About this exercise: Set down exactly the entries below, beginning at their first line and ending at the line with "Faltblätter für das".

[Items listed in a dataset]
>>>>>

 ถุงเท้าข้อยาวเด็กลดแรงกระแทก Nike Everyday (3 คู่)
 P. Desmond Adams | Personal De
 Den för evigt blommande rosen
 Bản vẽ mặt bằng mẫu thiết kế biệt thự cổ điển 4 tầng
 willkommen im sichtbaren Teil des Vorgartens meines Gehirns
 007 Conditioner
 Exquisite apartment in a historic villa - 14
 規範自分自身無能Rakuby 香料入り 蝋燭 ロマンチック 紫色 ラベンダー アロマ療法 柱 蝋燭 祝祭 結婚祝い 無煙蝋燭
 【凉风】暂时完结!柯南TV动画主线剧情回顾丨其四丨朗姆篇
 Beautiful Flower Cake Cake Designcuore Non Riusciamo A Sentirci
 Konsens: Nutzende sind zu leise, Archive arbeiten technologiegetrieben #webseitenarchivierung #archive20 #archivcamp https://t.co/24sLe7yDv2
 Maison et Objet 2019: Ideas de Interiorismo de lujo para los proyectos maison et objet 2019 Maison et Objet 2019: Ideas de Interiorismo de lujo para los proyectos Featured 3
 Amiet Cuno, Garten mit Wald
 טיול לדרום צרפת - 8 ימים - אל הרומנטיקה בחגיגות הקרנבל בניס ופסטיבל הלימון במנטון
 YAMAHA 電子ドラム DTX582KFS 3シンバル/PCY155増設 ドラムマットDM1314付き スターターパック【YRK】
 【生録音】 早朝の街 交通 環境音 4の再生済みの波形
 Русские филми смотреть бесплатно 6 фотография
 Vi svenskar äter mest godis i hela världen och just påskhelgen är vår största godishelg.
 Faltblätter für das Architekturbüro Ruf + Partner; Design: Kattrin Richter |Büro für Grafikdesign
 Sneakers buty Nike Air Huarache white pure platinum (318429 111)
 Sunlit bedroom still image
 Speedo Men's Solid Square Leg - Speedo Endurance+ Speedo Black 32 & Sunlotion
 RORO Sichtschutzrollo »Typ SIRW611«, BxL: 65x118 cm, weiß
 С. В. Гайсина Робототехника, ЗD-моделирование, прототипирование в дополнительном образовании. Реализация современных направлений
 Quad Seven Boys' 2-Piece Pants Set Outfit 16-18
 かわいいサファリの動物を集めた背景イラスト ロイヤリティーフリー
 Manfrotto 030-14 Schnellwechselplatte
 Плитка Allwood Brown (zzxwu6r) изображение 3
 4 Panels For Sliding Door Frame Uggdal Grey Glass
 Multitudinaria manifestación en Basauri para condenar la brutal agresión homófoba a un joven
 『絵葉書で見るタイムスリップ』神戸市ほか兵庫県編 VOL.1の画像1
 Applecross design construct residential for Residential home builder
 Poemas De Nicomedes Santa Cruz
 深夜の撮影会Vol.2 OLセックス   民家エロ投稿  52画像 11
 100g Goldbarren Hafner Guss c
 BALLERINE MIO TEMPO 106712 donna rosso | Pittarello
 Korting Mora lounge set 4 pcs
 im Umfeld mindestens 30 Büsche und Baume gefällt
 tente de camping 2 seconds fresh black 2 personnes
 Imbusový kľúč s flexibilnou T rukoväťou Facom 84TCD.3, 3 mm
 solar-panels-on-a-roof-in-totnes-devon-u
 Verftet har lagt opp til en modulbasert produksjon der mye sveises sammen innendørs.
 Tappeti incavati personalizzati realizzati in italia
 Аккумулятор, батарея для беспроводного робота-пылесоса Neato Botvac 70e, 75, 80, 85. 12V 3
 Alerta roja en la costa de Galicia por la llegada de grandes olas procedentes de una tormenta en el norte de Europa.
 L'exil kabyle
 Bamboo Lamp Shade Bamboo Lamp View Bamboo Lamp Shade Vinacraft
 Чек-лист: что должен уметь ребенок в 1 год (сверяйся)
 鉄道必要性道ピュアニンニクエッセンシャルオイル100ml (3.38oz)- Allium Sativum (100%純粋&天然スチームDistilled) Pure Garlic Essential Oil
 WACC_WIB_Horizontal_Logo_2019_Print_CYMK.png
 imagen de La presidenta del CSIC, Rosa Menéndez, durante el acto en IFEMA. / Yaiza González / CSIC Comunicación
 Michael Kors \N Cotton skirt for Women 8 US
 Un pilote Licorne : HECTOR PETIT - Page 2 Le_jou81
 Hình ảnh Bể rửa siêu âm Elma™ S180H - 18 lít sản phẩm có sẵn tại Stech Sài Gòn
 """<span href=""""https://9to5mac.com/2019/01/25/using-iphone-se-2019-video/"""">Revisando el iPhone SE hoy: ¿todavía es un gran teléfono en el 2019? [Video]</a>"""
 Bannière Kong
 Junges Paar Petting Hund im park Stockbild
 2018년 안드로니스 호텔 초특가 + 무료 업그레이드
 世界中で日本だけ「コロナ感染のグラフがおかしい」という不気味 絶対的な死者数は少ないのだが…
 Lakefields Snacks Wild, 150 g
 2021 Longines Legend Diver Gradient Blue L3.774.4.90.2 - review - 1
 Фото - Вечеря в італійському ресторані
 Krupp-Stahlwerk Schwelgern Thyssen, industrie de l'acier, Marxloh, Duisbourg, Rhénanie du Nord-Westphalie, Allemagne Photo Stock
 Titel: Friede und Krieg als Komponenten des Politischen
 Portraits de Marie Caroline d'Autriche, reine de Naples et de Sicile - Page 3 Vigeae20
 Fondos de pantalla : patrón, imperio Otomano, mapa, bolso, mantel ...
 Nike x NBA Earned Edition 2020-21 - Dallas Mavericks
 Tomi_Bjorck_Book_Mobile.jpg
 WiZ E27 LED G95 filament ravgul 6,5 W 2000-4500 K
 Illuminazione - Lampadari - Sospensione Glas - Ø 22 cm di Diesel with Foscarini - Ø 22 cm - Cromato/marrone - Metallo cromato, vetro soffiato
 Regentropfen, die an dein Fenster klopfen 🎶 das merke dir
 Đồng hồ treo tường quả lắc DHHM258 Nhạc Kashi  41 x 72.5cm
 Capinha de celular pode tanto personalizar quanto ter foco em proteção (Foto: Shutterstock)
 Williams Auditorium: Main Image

<<<<<

Answer area:
 ถุงเท้าข้อยาวเด็กลดแรงกระแทก Nike Everyday (3 คู่)
 P. Desmond Adams | Personal De
 Den för evigt blommande rosen
 Bản vẽ mặt bằng mẫu thiết kế biệt thự cổ điển 4 tầng
 willkommen im sichtbaren Teil des Vorgartens meines Gehirns
 007 Conditioner
 Exquisite apartment in a historic villa - 14
 規範自分自身無能Rakuby 香料入り 蝋燭 ロマンチック 紫色 ラベンダー アロマ療法 柱 蝋燭 祝祭 結婚祝い 無煙蝋燭
 【凉风】暂时完结!柯南TV动画主线剧情回顾丨其四丨朗姆篇
 Beautiful Flower Cake Cake Designcuore Non Riusciamo A Sentirci
 Konsens: Nutzende sind zu leise, Archive arbeiten technologiegetrieben #webseitenarchivierung #archive20 #archivcamp https://t.co/24sLe7yDv2
 Maison et Objet 2019: Ideas de Interiorismo de lujo para los proyectos maison et objet 2019 Maison et Objet 2019: Ideas de Interiorismo de lujo para los proyectos Featured 3
 Amiet Cuno, Garten mit Wald
 טיול לדרום צרפת - 8 ימים - אל הרומנטיקה בחגיגות הקרנבל בניס ופסטיבל הלימון במנטון
 YAMAHA 電子ドラム DTX582KFS 3シンバル/PCY155増設 ドラムマットDM1314付き スターターパック【YRK】
 【生録音】 早朝の街 交通 環境音 4の再生済みの波形
 Русские филми смотреть бесплатно 6 фотография
 Vi svenskar äter mest godis i hela världen och just påskhelgen är vår största godishelg.
 Faltblätter für das Architekturbüro Ruf + Partner; Design: Kattrin Richter |Büro für Grafikdesign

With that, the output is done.